Will write out a the contents of the Str as a NULL terminated C string where the NULL termination doesn't need to be part of the string. Using StringRef for data means we usually have to use static cast:

writer.writeNullTerminated(StringRef(static_cast<const char *>(...), ...);

So GSYM uses the writeNullTerminated for standard C strings in the string table which include the NULL termination, and uses writeData for raw data when writing out the swapped values.

aprantl accepted this revision.Mon, Aug 19, 3:24 PM

All of my comments have been addressed.

aprantl added inline comments.Mon, Aug 19, 3:26 PM
include/llvm/DebugInfo/GSYM/FileWriter.h
40 ↗(On Diff #215939)

\param is the preferred spelling in LLVM code (I thought I had replaced all remaining @'s with backslashes a while ago).

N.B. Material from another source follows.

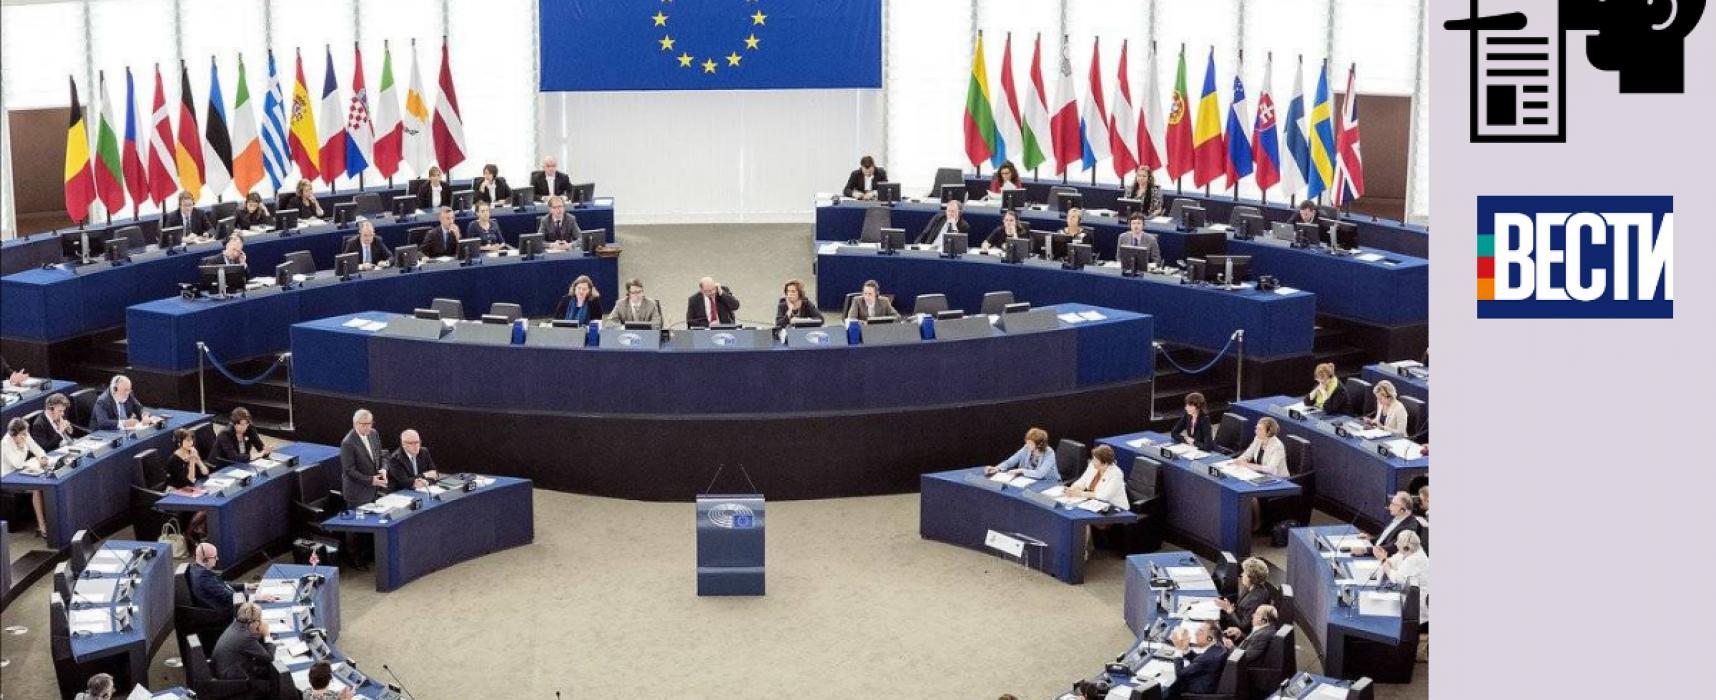 Фейк «Вестей»: Європарламент угледів у Молдові «втрату ознак державного устрою» і не розкритикував лише Додона
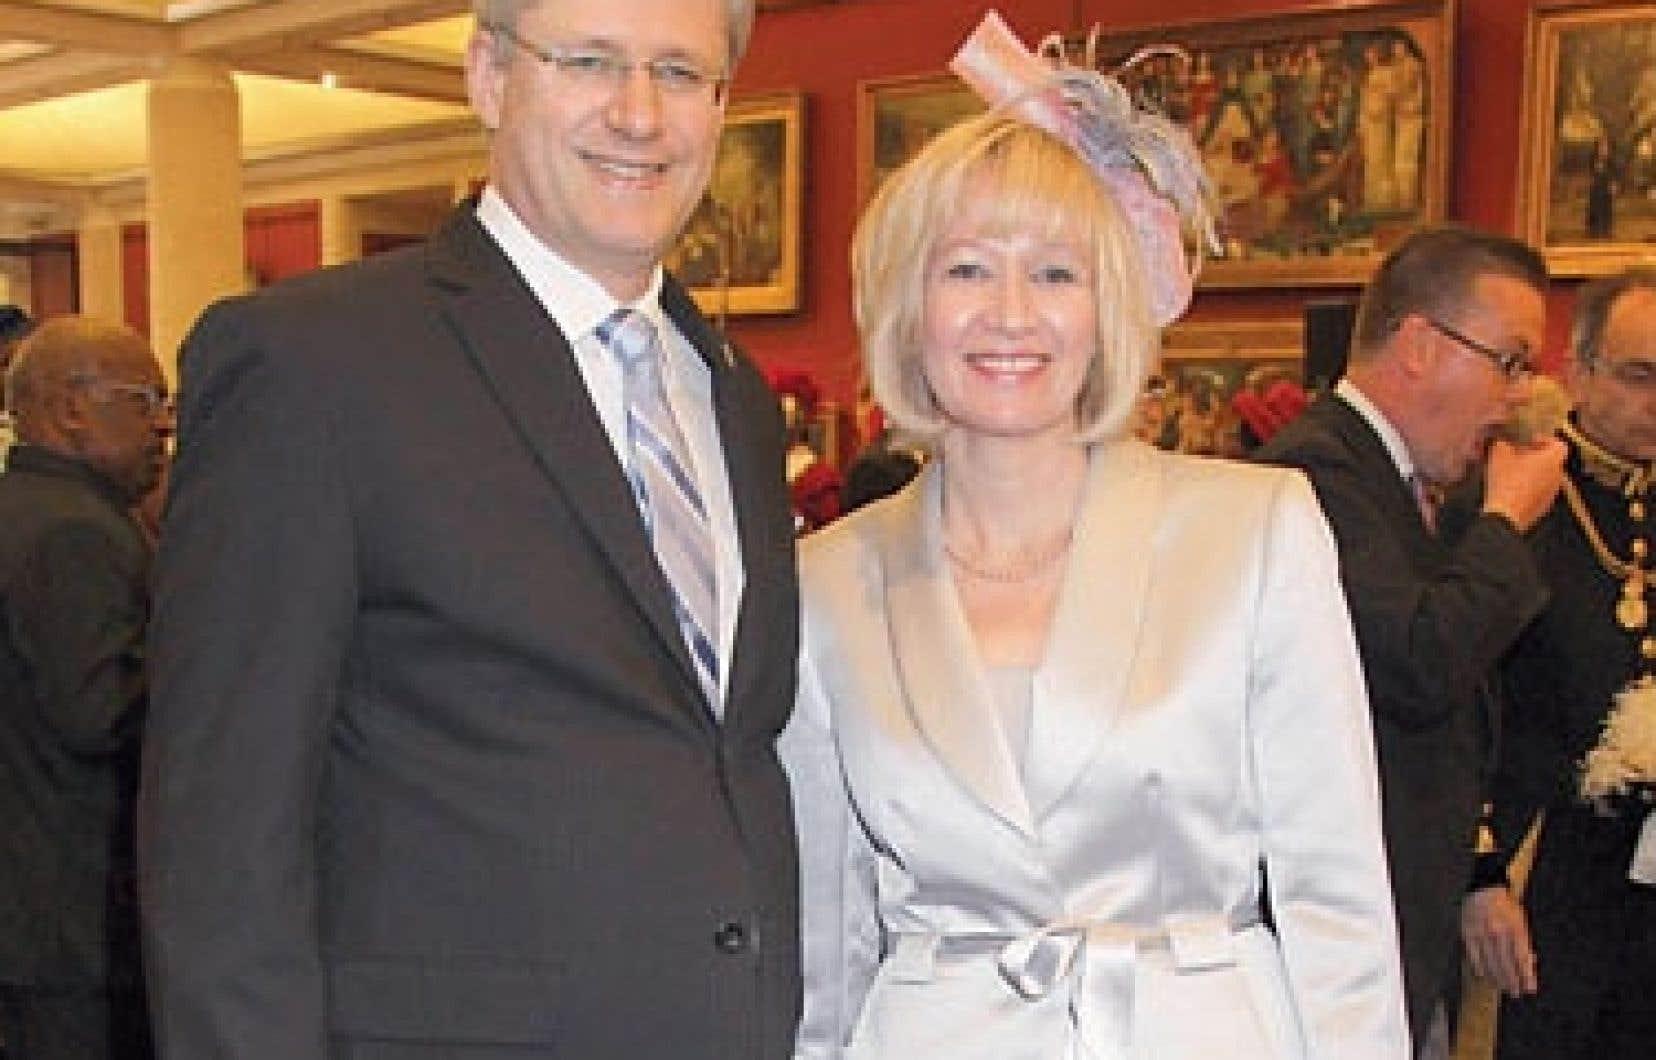 L'épouse de Stephen Harper, Laureen, est active dans le milieu de la protection des animaux.

MaskRay accepted this revision.Wed, Aug 21, 7:12 AM
MaskRay added inline comments.
include/llvm/DebugInfo/GSYM/FileWriter.h
5 ↗(On Diff #215973)

The license notice is wrong.

lib/DebugInfo/GSYM/FileWriter.cpp
6 ↗(On Diff #215973)

The licence notice is wrong.

This revision is now accepted and ready to land.Wed, Aug 21, 7:12 AM
MaskRay added inline comments.Wed, Aug 21, 9:19 AM
include/llvm/DebugInfo/GSYM/FileWriter.h
18 ↗(On Diff #215973)

sys/types.h ?

This revision was automatically updated to reflect the committed changes.